На его слова мой папа опять весь скривился и, все еще сомневаясь, попросил принести отечественной соли для сравнения. Он опять стал вертеть головой по сторонам в поисках работников госбезопасности. И добавил громко уже для «жучков», что наша советская соль намного лучше.

Тамарочка бросилась на кухню, принесла и нашей соли и высыпала горстку рядом с английской. И тут все самым внимательнейшим образом стали вглядываться в оба холмика, и внимательней всех смотрела моя мама, одними губами повторяя: «Жилы Шотландии». Мне казалось, что холмики соли на вид совсем одинаковые, но мама решила по-другому.

– Их – белее! – выпалила она, первой распознав достоинства заграничной соли.

– Именно, – подхватил дядя Валя.

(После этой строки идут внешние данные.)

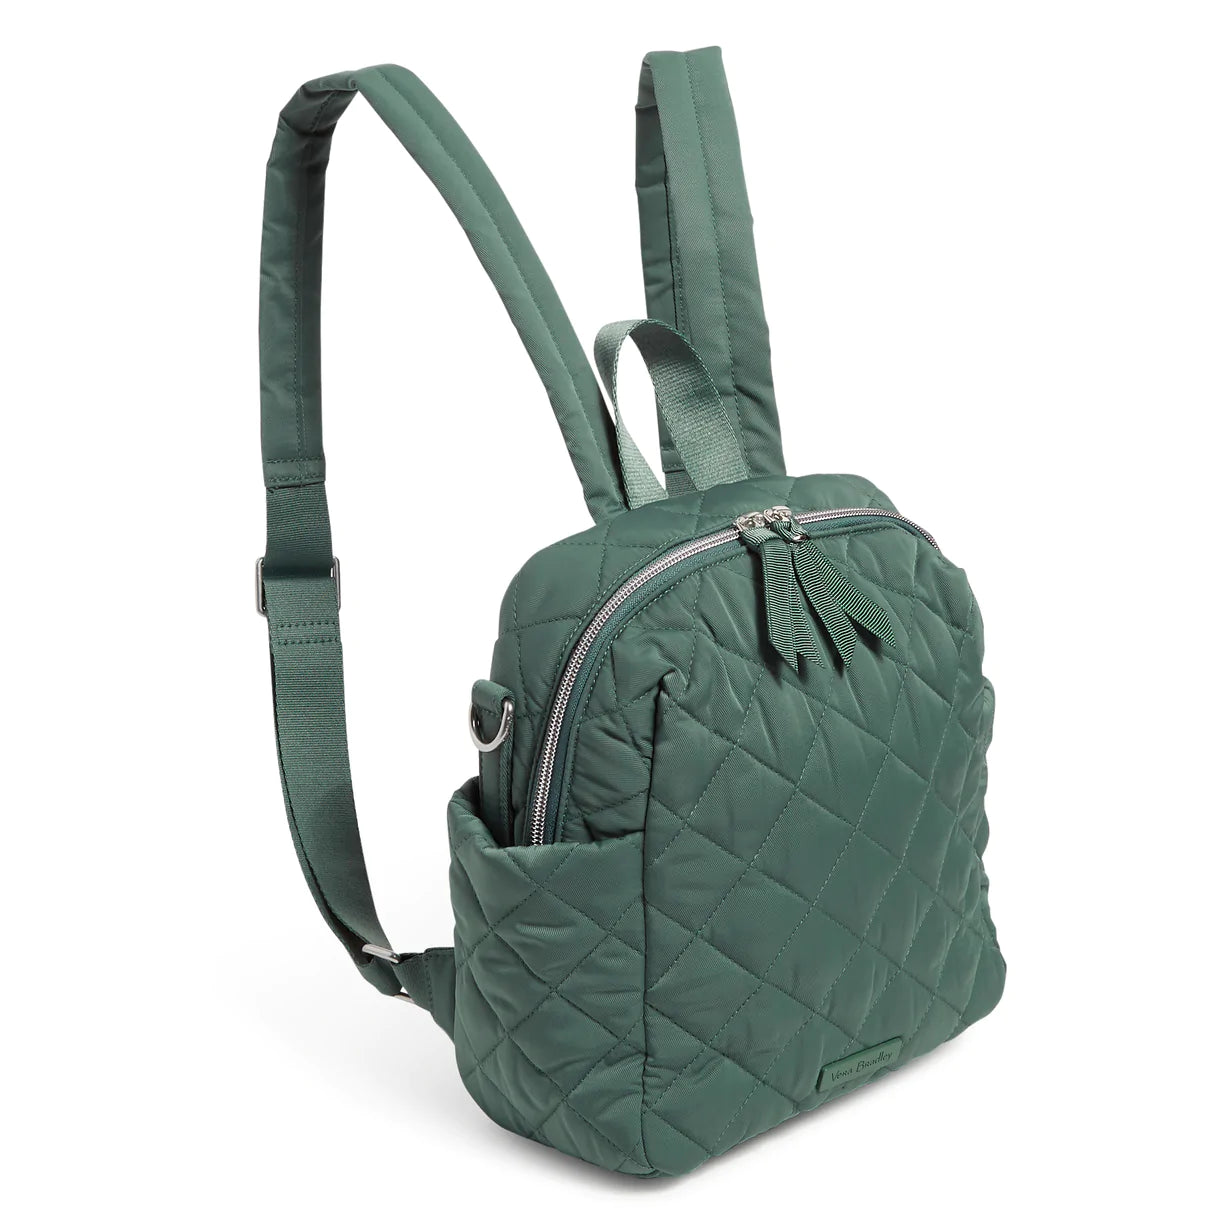 Moda Luxe, Bags, New Womens Moda Luxe Brette Convertible Backpack

Глаза его хищно сверкали.

Потом дегустация пошла уже по второму кругу, и все смотрели друг другу в глаза так, будто стали свидетелями какого-то необыкновенного чуда, и с пониманием качали головами, и чмокали губами, и поддакивали друг другу о том, что английская соль гораздо более соленая.

Дядя Валя, покачиваясь, встал, и рюмка в его руке задрожала.

– Я вот хочу тут поднять тост за то, чтобы пал занавес, чтобы та страшная стена, которой мы окружены, наконец была разрушена и чтобы пала завеса с наших глаз. Я хочу выпить, чтобы мы наконец поняли, при каком режиме мы тут живем! Здесь человеку ни за что развернуться не дают, все время давят сапогом и рот затыкают. Здесь – хамство и унижение. А я хочу выпить за свободные страны, и прежде всего за... – и тут он опять выдержал драматическую паузу, – за Ямайку и за то, чтобы в следующий раз в бокалах наших золотился ямайский ром как знак освобождения советского униженного и оскорбленного человека, и чтобы гордое слово «человек» больше не звучало жалко и презрительно, и чтобы от наших красных паспортов больше не шарахались западные пограничники, как от ядовитой змеи!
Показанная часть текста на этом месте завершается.